In High on the Hog, the Jessica Harris often reference family cooking throughout the excerpt. Family food history doesn’t necessarily involve simply food passed down from one generation to another. Family food can have much deeper links than just involving a household itself. It can link to a wider range of people, even be a representation of a group of people. The areas involving food is a key heritage between the author’s heritage and a connection to her own family.

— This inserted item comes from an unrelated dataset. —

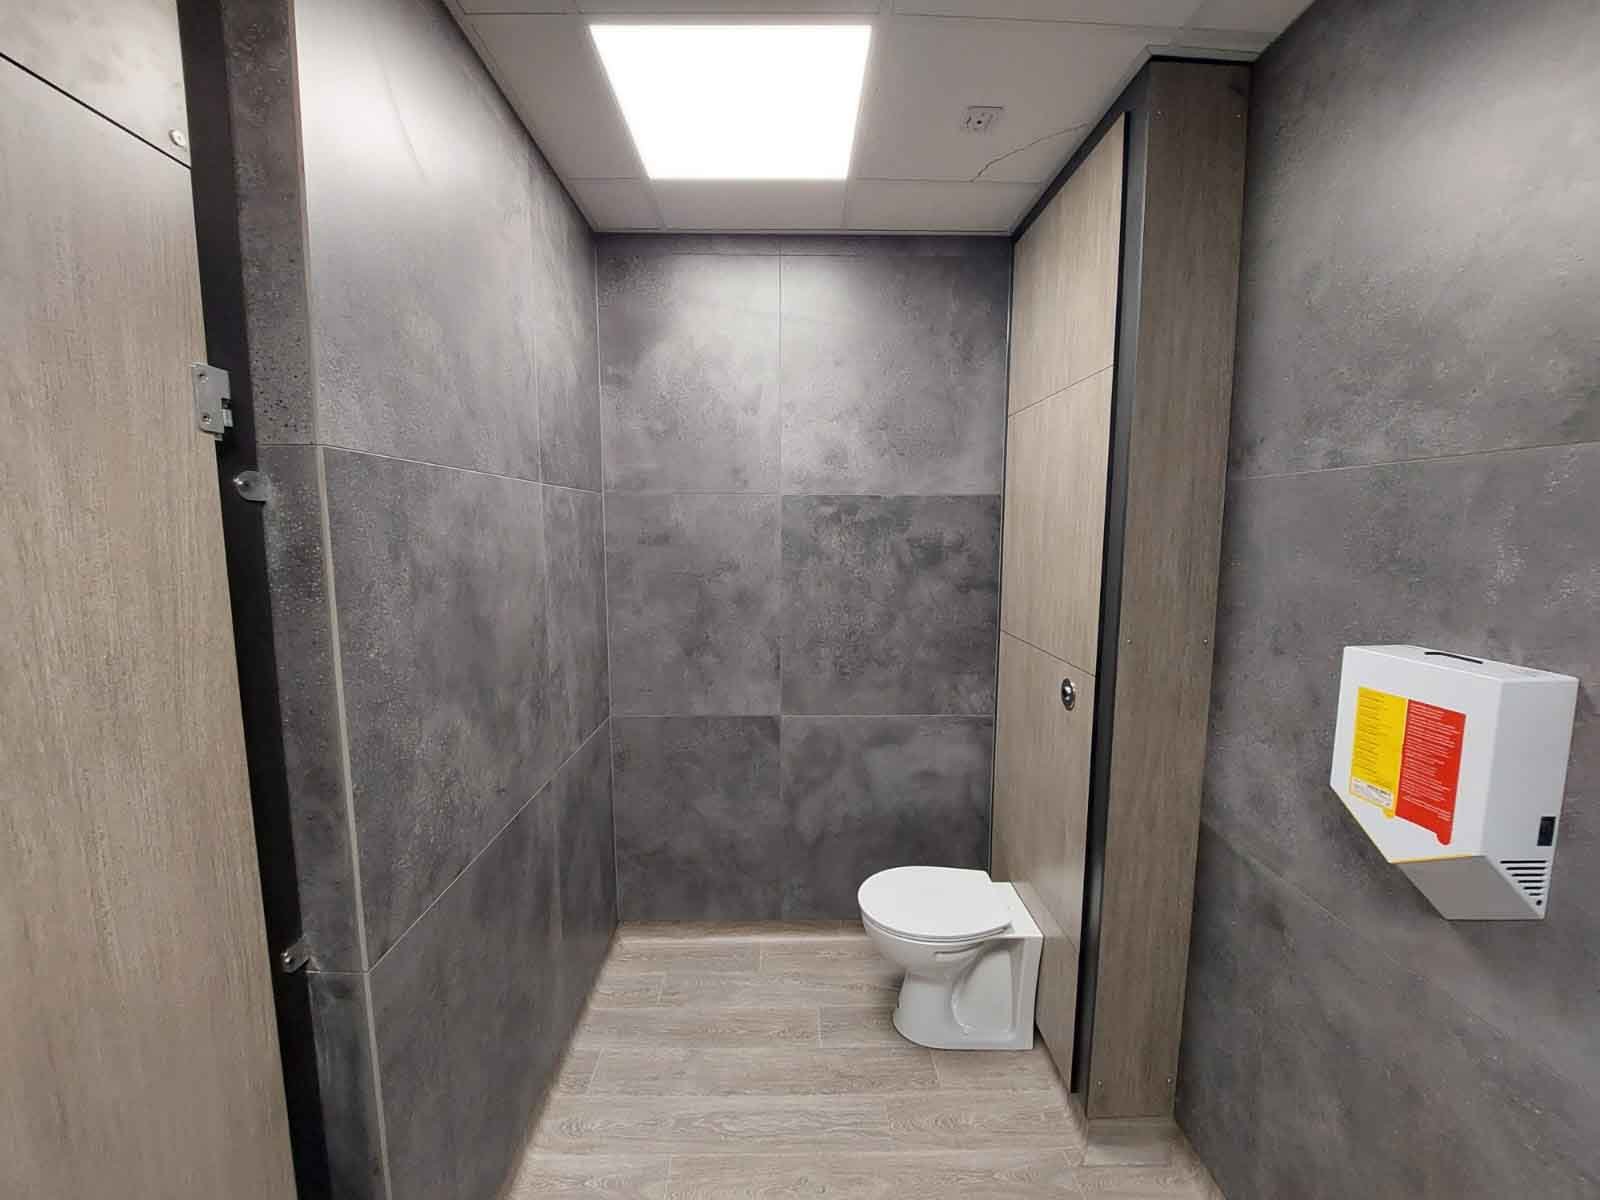  toilet in a washroom cubicle

In the beginning the author would often reference her family cooking and her mother’s interest to the past involving slavery. This would lead into the work itself as she provides an overview of plantation living and lifestyle for the slaves. It goes from structuring in the earlier days to accounts given of their lifestyle. What is interesting is how the author doesn’t focus on a certain group of slaves, but that of various different areas and people. This overarching unification of food provides similar accounts in terms of types of food that was available and how a distinct style of cooking came to be. It also provides the read an understanding of how these slaves bonded and how similar they were as to imply a collective whole whilst still being having individualistic aspects.

The accounts provided by the author involves not only slaves, but those on the outside looking in. It showed a clear difference between the two different kind of peoples during the period, not just in the style of the accounts, but also a separation compared to the slave accounts. Throughout the piece those looking out to within give factual descriptions of what the slaves had to eat. While the narratives explain a much more personal response of what they had to deal with during the time period.

Even as the work is mostly a description piece of history, it also shows a connection to what the author considered important. Even separated into regions there grows a distinct culture of food that even with different ingredients showed a foundation that would change throughout a household. This food culture is harsh, but the people made it their own. It is tied to them in both history through family heritage and documents connecting various people and places together.

1 Comment

  1. Jeffrey Mcmichael

    I like the point you brought up about how food can tie together not only a household but also a wide range or group of people. I’ve seen this in my own life before, but gratefully not under the same circumstance as those who suffered in slavery. Having lived in Georgia for years I’ve become accustomed to the food here, but I moved to Ohio for a few years and saw various families and local people come together to eat Cincinnati-style chili and some of the local ice cream, for example. When you ate those foods it made you feel like you were a part of that history and it felt like you were a true “Cincinnatian”. Likewise when eating food with a heritage behind it you become more appreciative of that culture and people.